*** DATA BELOW

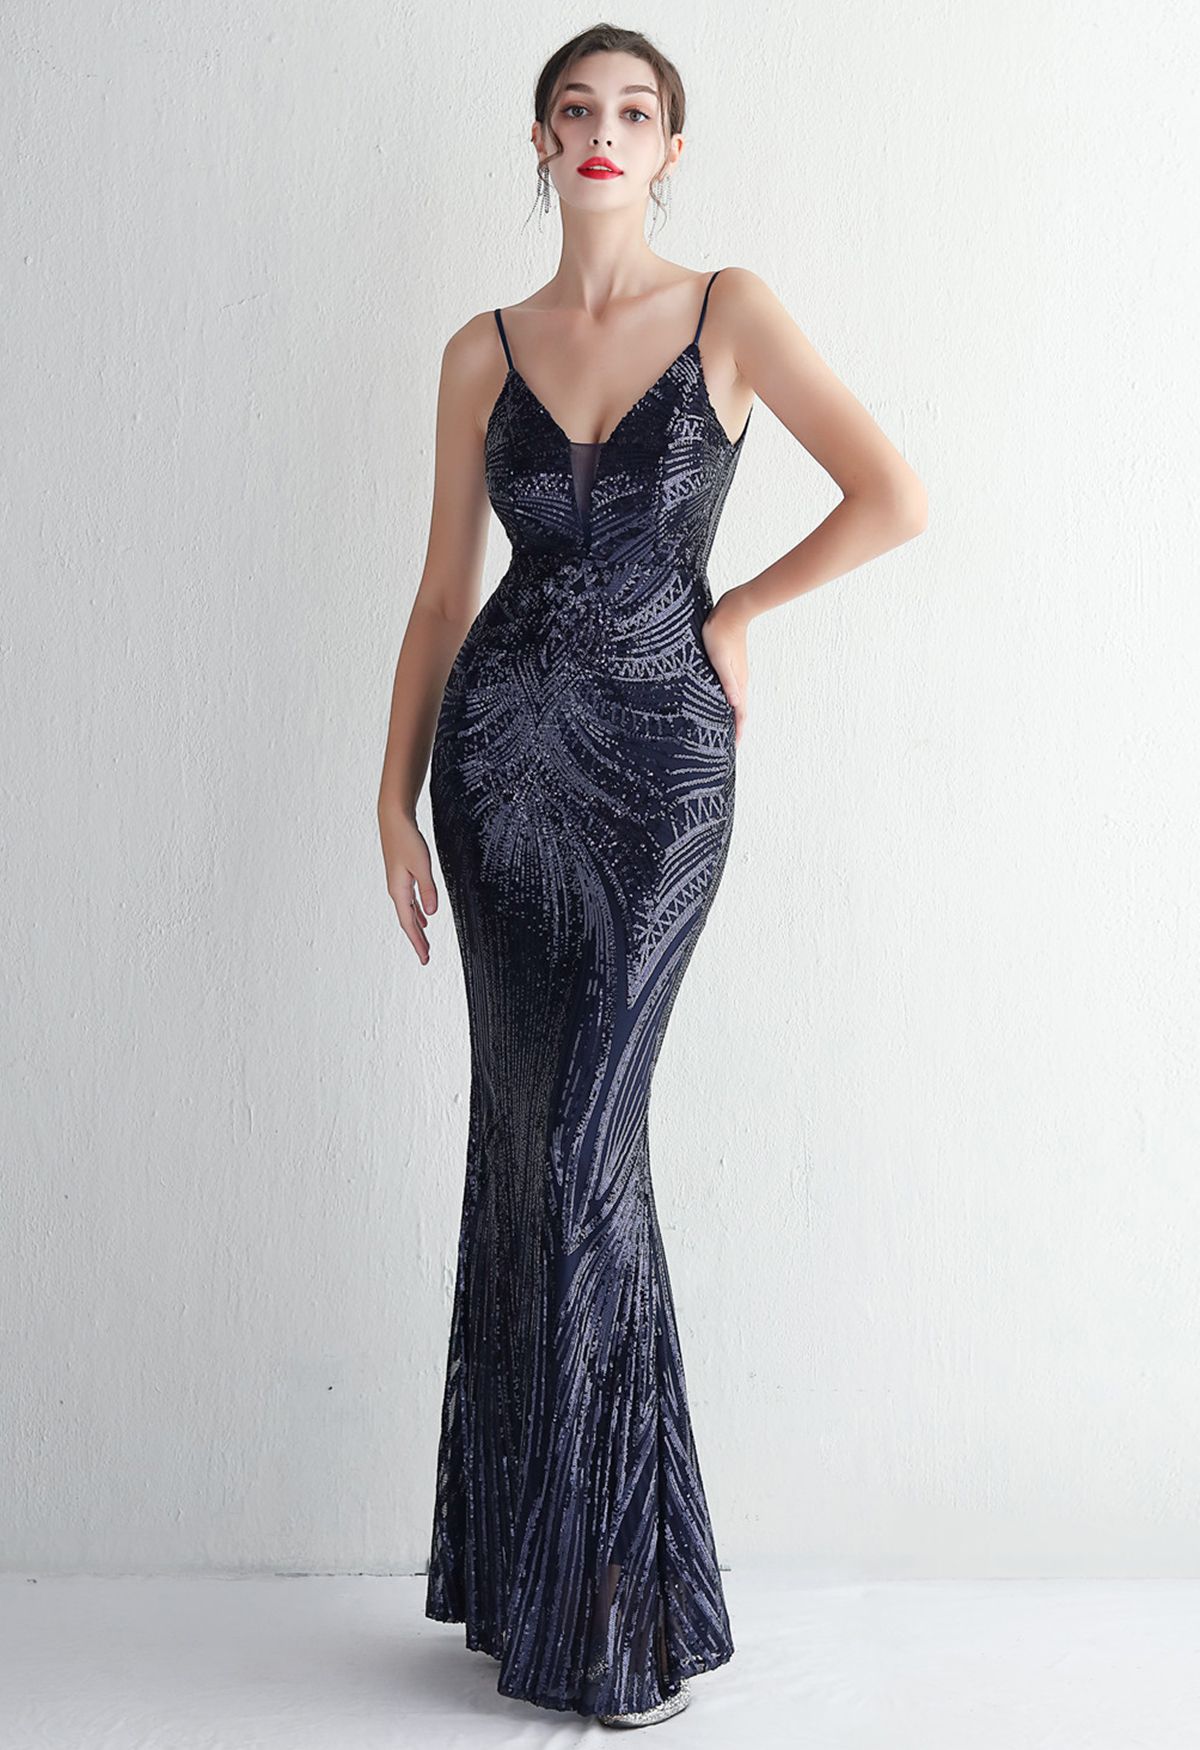 Glimmer Sequin Mermaid Cami Gown in Navy
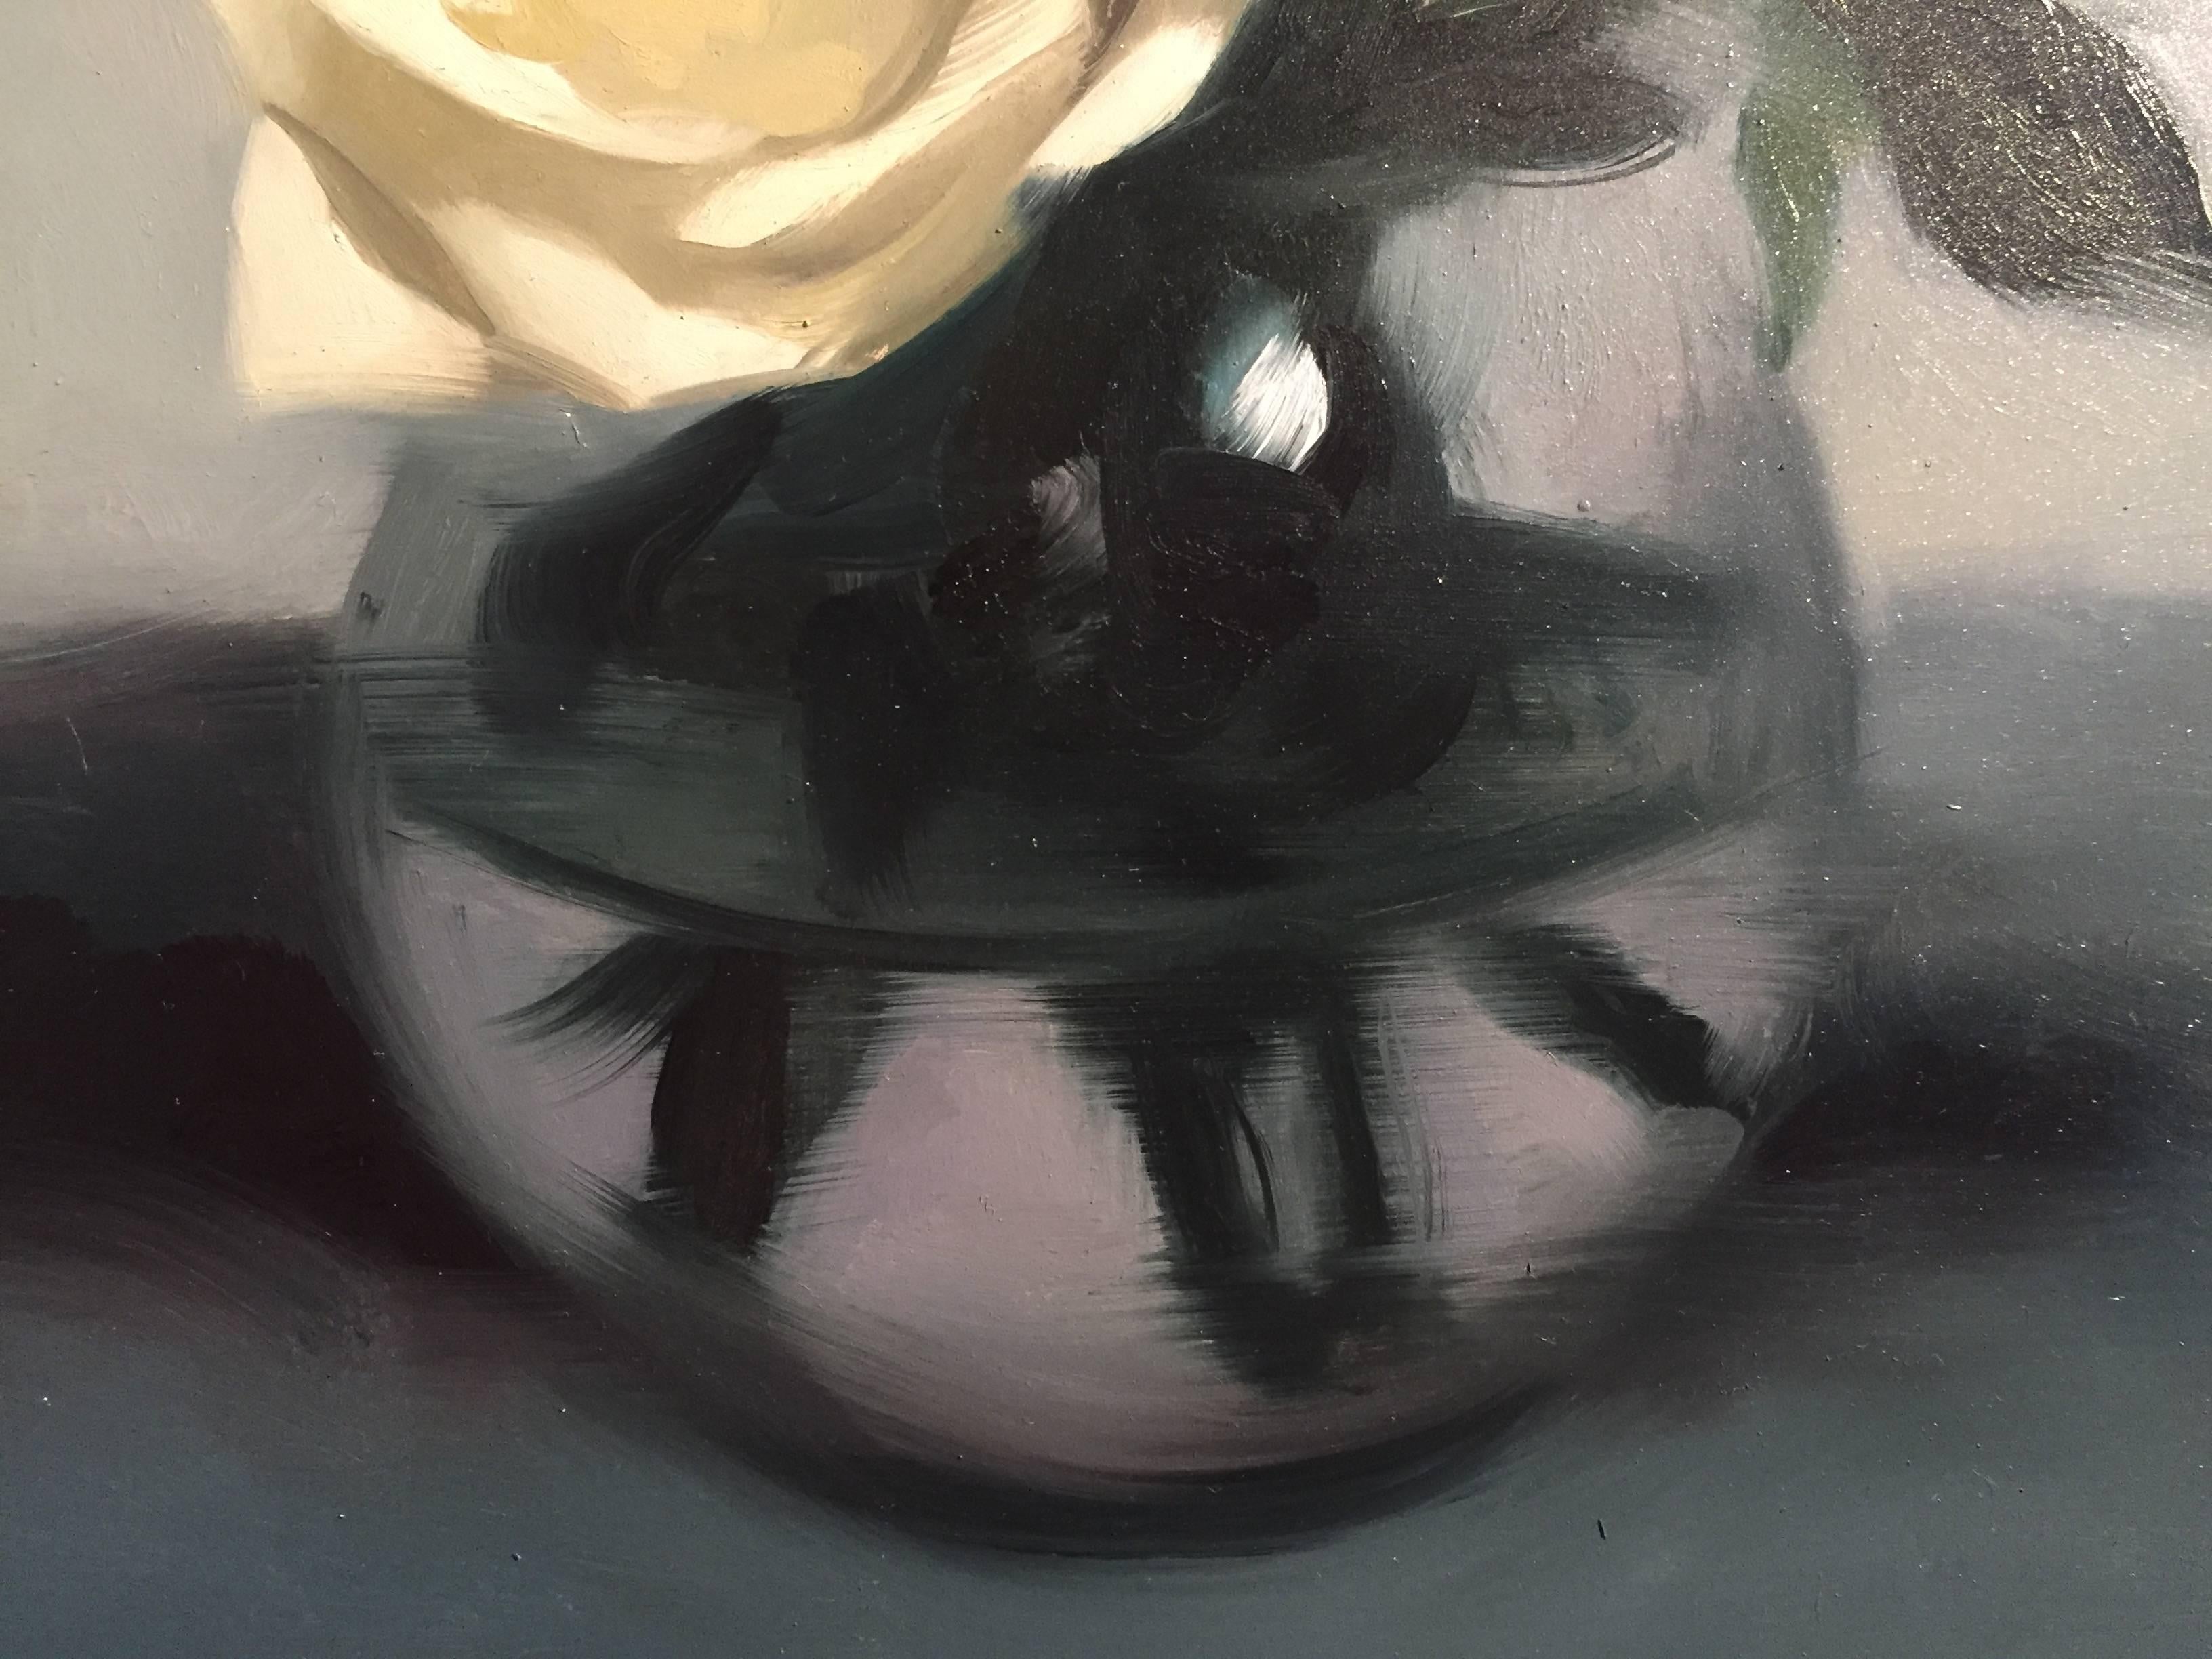 A still life painting of creamy white roses in full bloom, against a lavender, blue, background. Arranged in a bulbous round vase, which reflects light from above.

Born in Memphis, Tennessee in 1980 Bauman's family soon after that relocated to

******

**WORK TO COMPLETE**.
A faithful copy is needed of the lines from the one containing "A still life" through the last line of the data above, with pictures left out.

**RESPONSE AREA**.
 A still life painting of creamy white roses in full bloom, against a lavender, blue, background. Arranged in a bulbous round vase, which reflects light from above.

Born in Memphis, Tennessee in 1980 Bauman's family soon after that relocated to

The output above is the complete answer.